_Instructions for the task_:
Here the job is to retype the data word for word while leaving the pictures aside.
**********
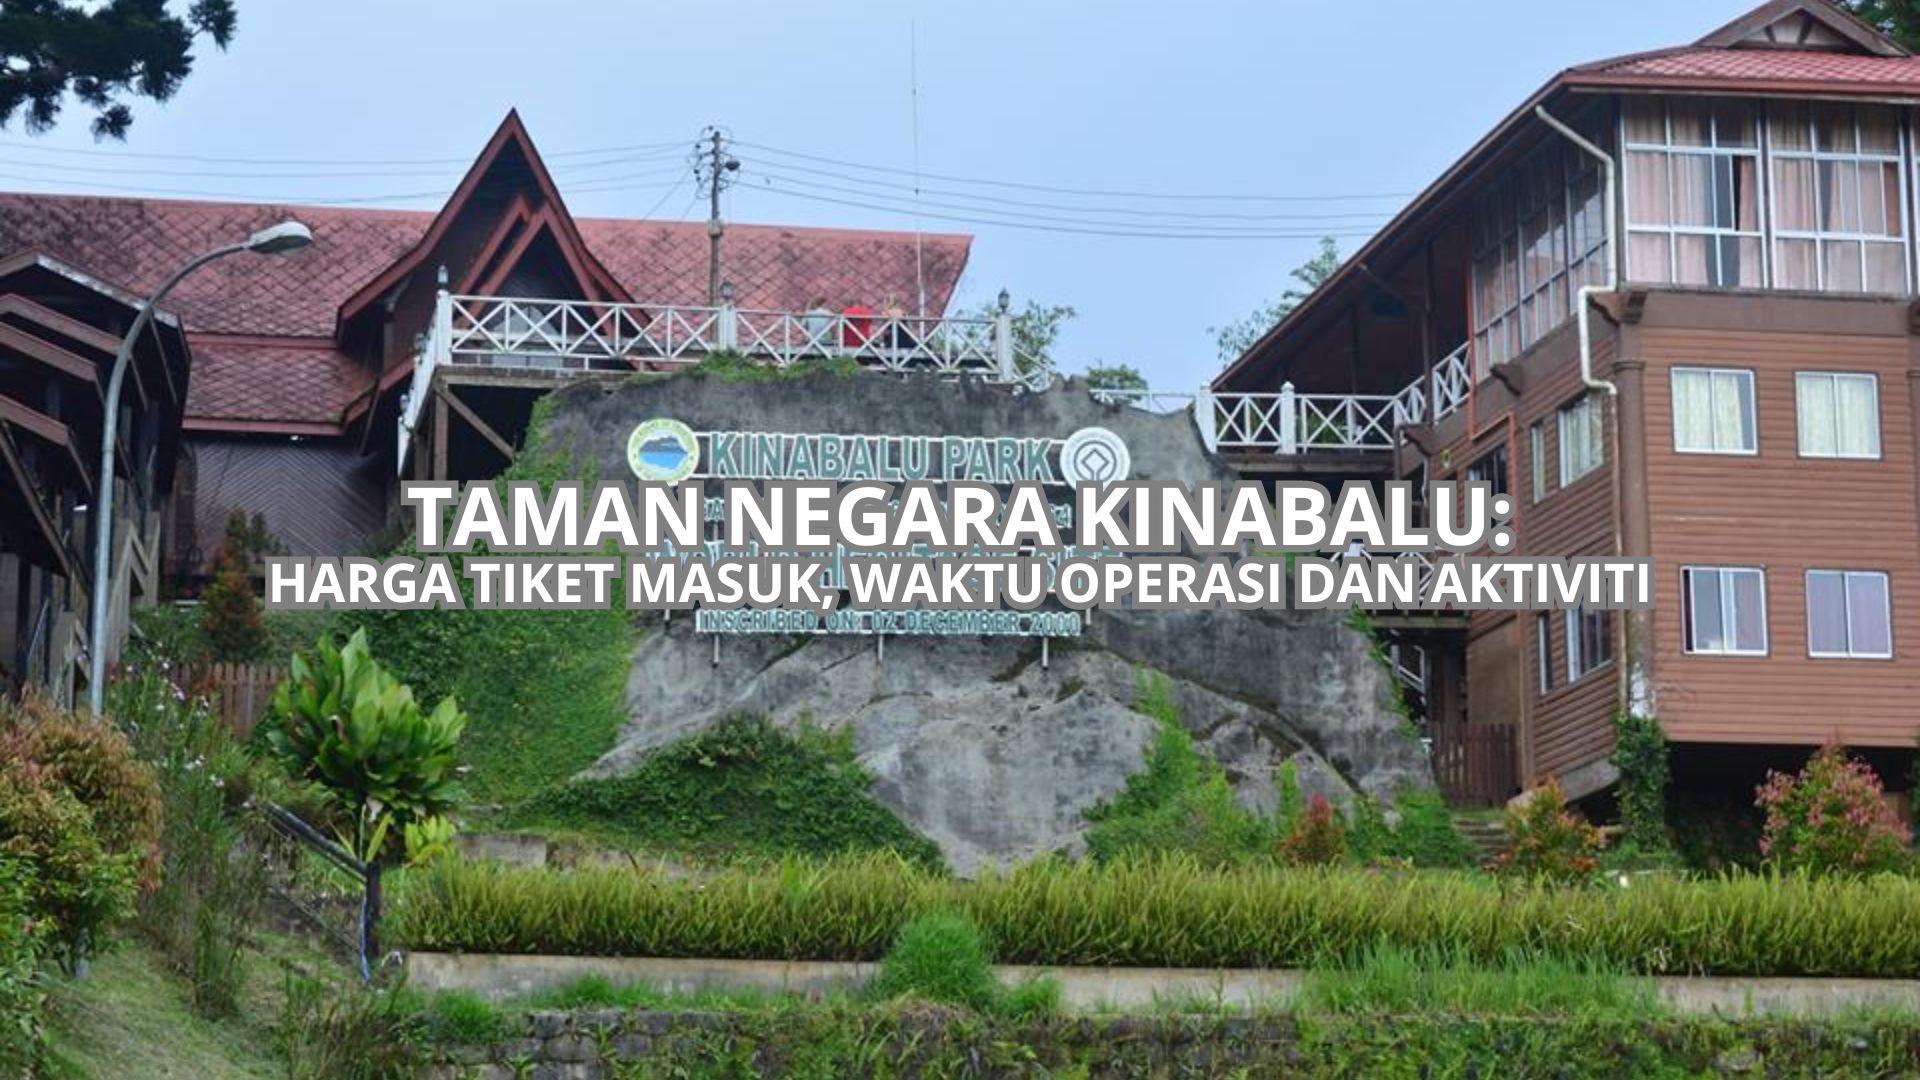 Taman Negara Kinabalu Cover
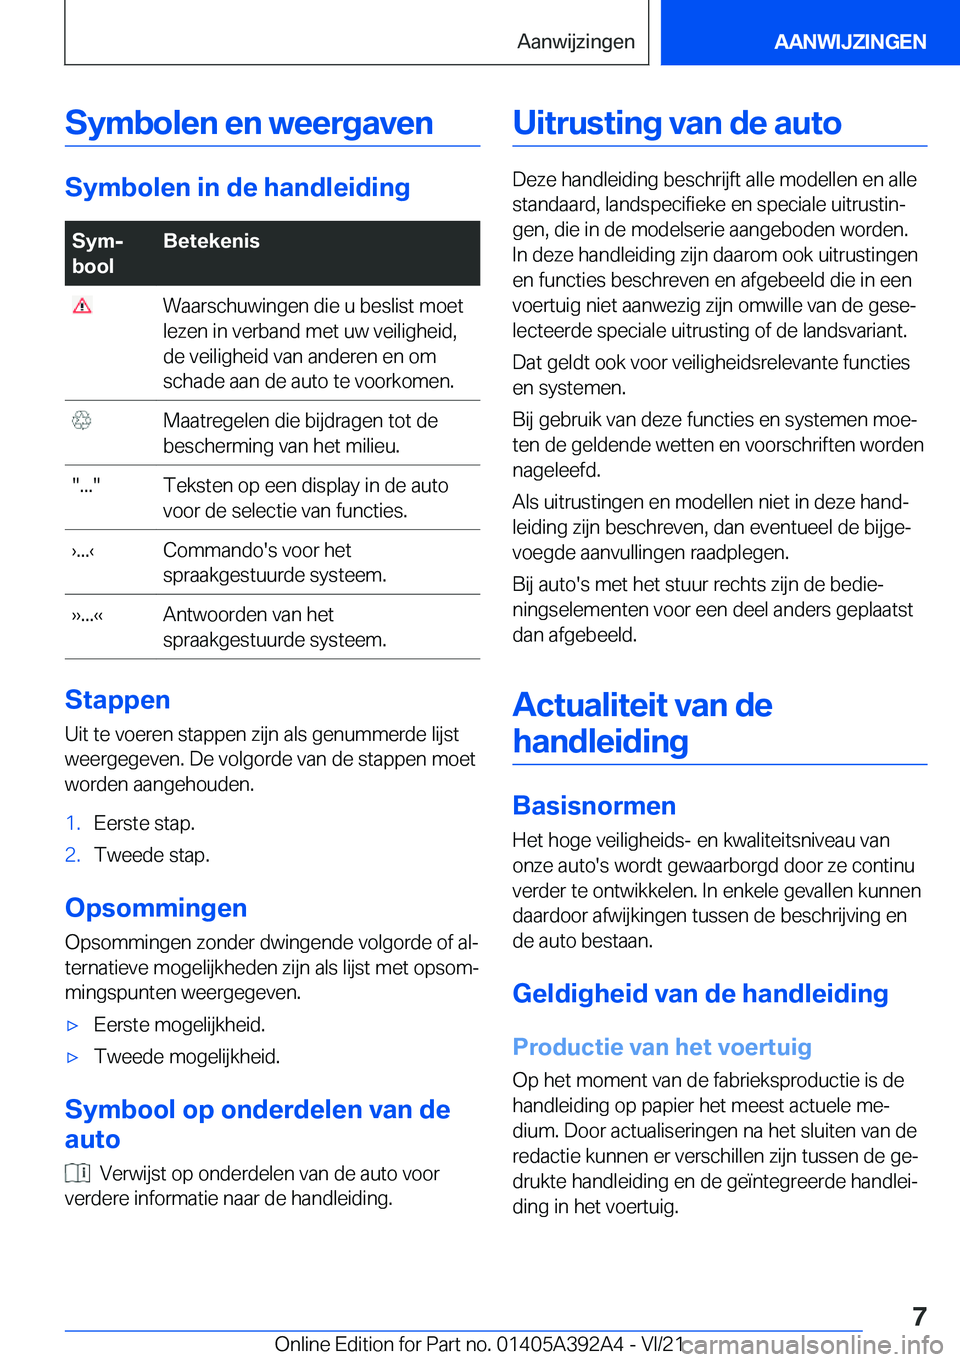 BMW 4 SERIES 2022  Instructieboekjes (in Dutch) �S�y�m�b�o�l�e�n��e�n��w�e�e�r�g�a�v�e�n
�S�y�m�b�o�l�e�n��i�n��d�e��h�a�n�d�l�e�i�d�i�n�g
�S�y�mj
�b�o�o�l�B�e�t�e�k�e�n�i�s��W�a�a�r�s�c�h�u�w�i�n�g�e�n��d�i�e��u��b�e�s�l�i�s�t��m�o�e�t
**********
_Response to the exercise_:
 Taman Negara Kinabalu Cover
 BMW 4 SERIES 2022  Instructieboekjes (in Dutch) �S�y�m�b�o�l�e�n��e�n��w�e�e�r�g�a�v�e�n
�S�y�m�b�o�l�e�n��i�n��d�e��h�a�n�d�l�e�i�d�i�n�g
�S�y�mj
�b�o�o�l�B�e�t�e�k�e�n�i�s��W�a�a�r�s�c�h�u�w�i�n�g�e�n��d�i�e��u��b�e�s�l�i�s�t��m�o�e�t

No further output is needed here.